Over the years I’ve had countless clients that grew up in poverty tell me about the shameful moments they experienced trying to negotiate the middle and upper class.
If your parents don’t teach you kindness or compassion, where are you going to learn how to negotiate social situations? If your parents don’t teach you to say “thank you” how will you learn when and where it’s appropriate to extend gratitude. If your parents don’t teach you or show you how to eat properly, where will you learn to do this?
If your parents or family don’t value education or teach you how to critically think, how will you learn to do this? What’s more, what about kids that are actively discouraged from education or learning?

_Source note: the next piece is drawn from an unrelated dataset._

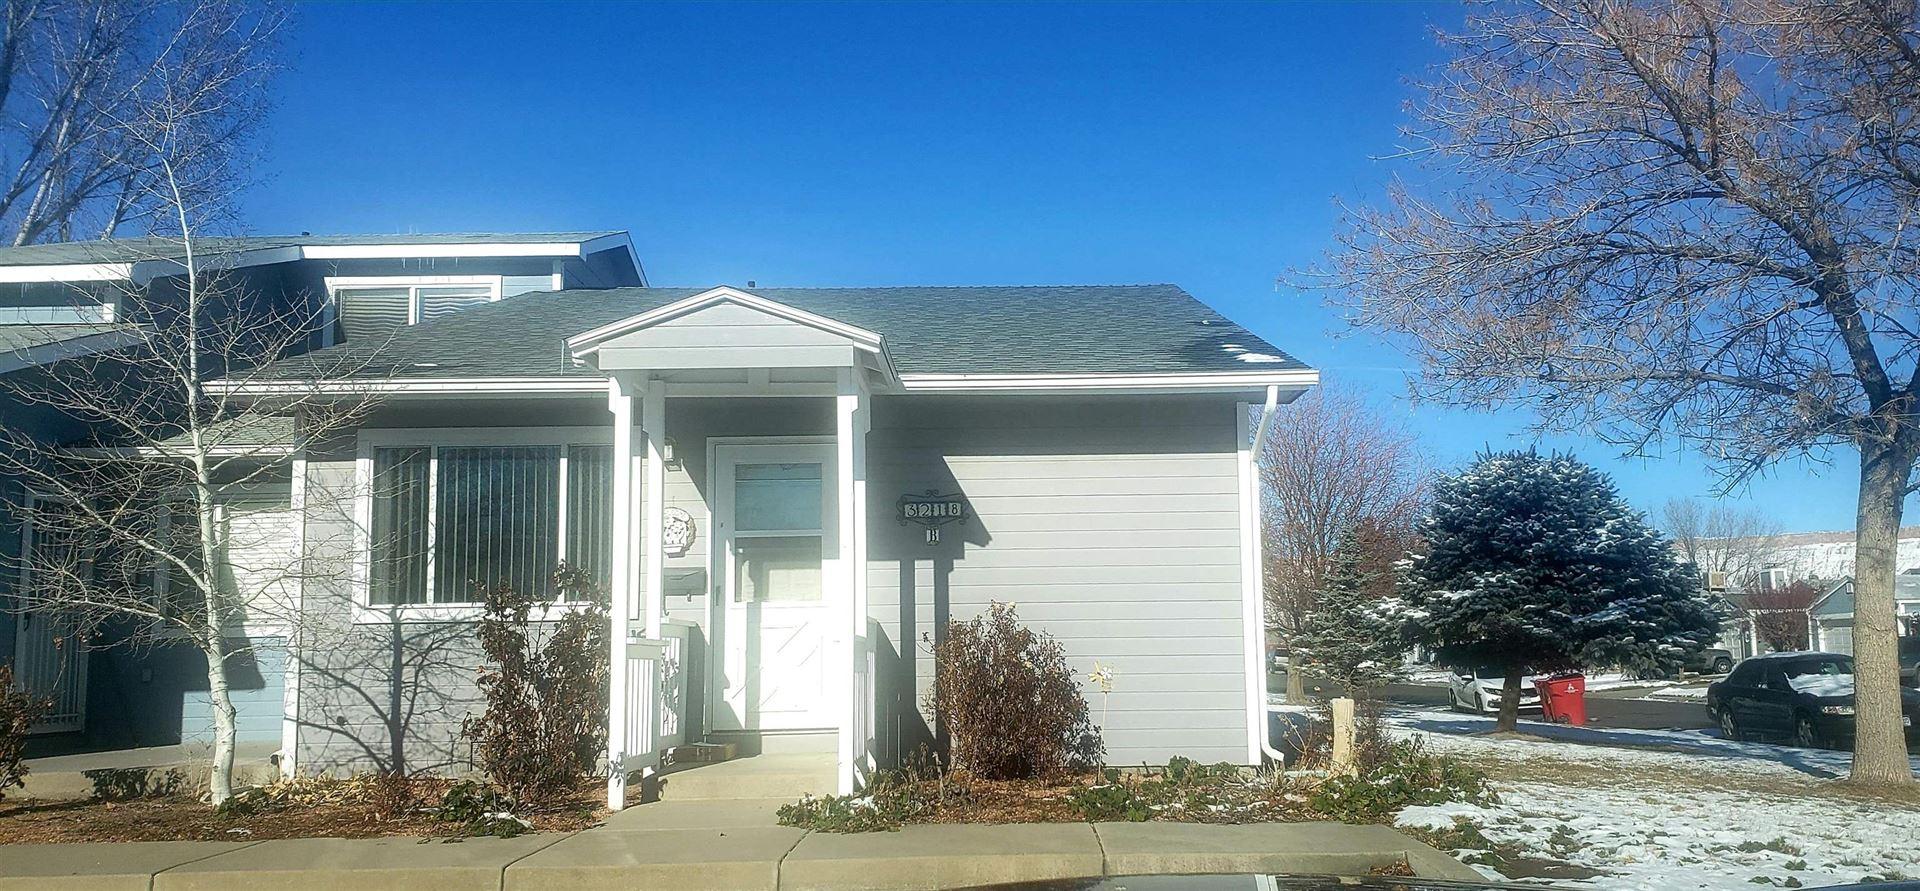 Photo of 3218 D 7/8 Road #B, Clifton, CO 81520 (MLS # 20215741)

If you’ve lived your life in the well insulated middle or upper class caste it’s easy to assume that everyone shares your life experience and “should just know how to act” but this is not the case for millions of American children.
We are not born with manners, education, and social etiquette. Those are taught. Often, by the time a child reaches school age they have already started learning from their family culture.
That kid wasn’t an asshole, he was doing what he was taught and really confused as to why it “works” at home and gets him in trouble at school. And, the approval of his family always mattered more.
Consider the context before you judge.